Due to the high value of tea in many parts of Asia, tea bricks were used as a form of currency throughout China, Tibet, Mongolia, and Central Asia. This is quite similar to the use of salt bricks as currency in parts of Africa. Tea bricks were in fact the preferred form of currency over metallic coins for the nomads of Mongolia and Siberia. The tea could not only be used as money and eaten as food in times of hunger but also brewed as allegedly beneficial medicine for treating coughs and colds. Until World War II, tea bricks were still used as a form of edible currency in Siberia.

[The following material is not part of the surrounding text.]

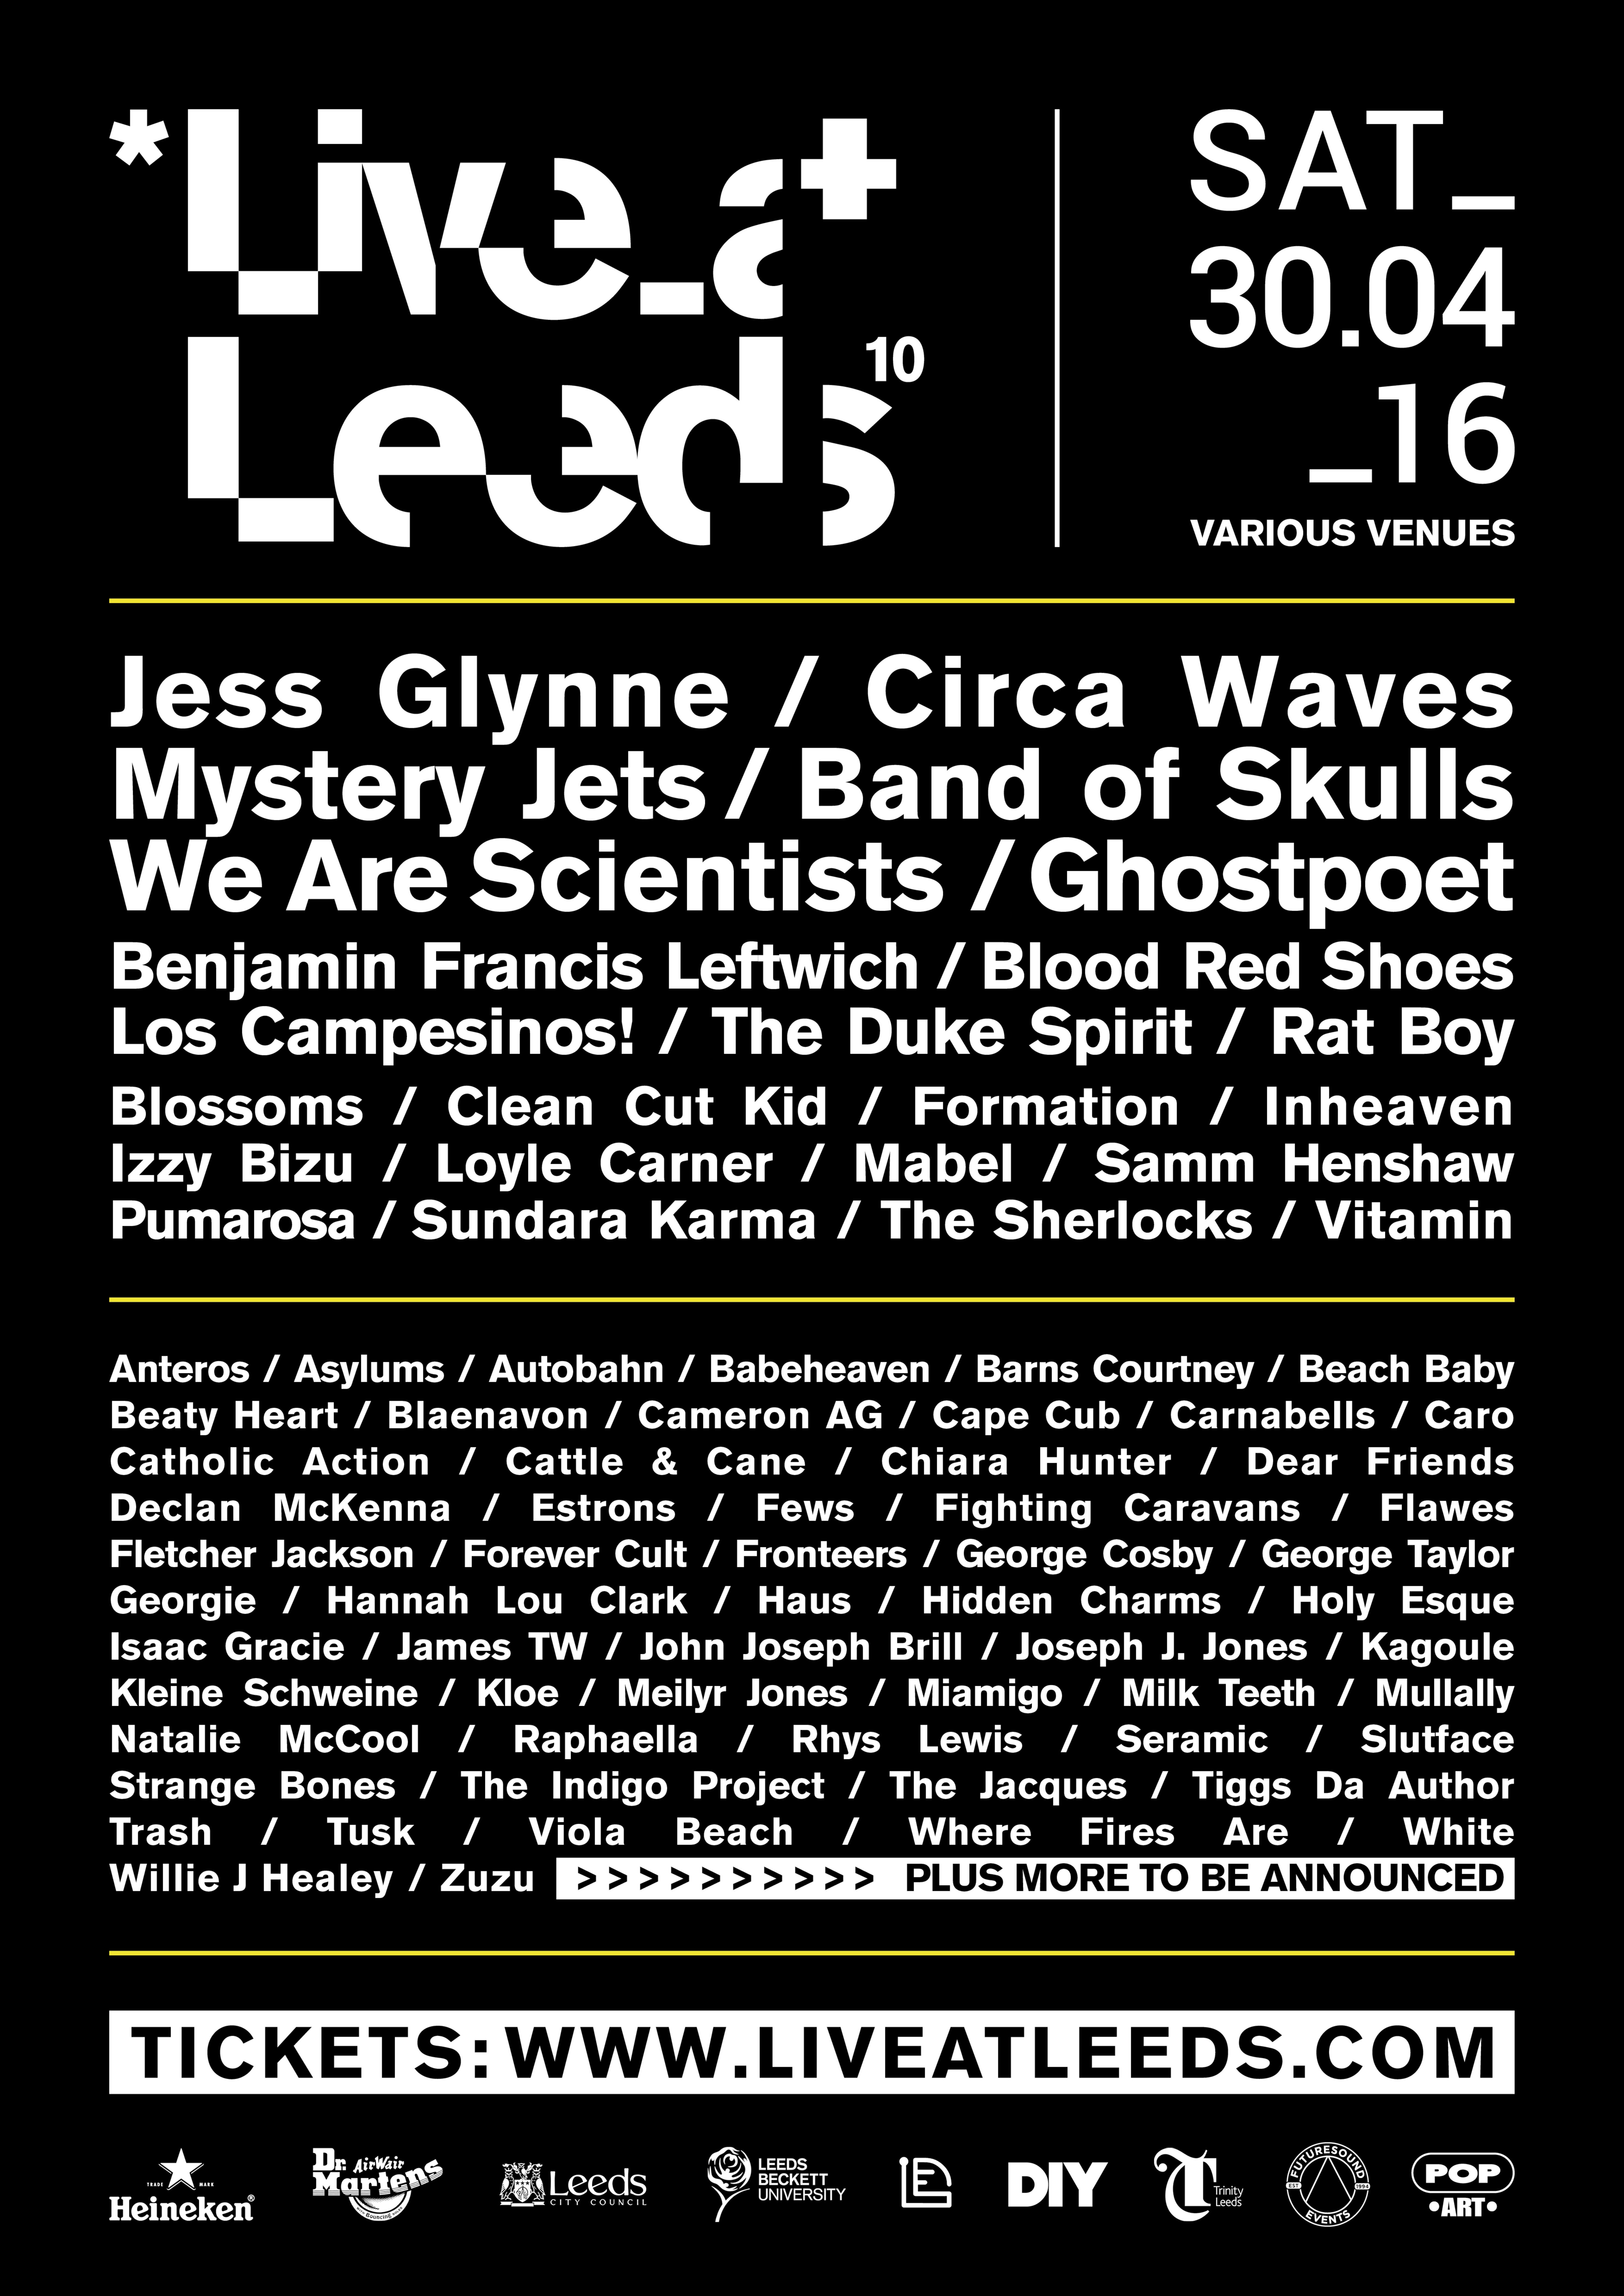 Raphaella - Live At Leeds 2016

Tea bricks for Tibet were mainly produced in the area of Ya'an (formerly Yachou-fu) in Sichuan province. The bricks were produced in five different qualities and valued accordingly. The kind of brick which was most commonly used as currency in the late 19th and early 20th century was that of the third quality which the Tibetans called brgyad pa ('eighth'), because at one time it was worth eight Tibetan tangkas (standard silver coin of Tibet which weighs about 5.4 grams) in Lhasa. Bricks of this standard were also exported by Tibet to Bhutan and Ladakh.

==Health effects==
All tea plant tissues accumulate fluoride to some extent. Tea bricks that are made from old tea leaves and stems can accumulate large doses, which can make them unsafe for consumption in large quantities or over prolonged periods. Use of such teas has led to fluorosis, a form of fluoride poisoning that affects the bones and teeth, in areas of high brick tea consumption such as Tibet.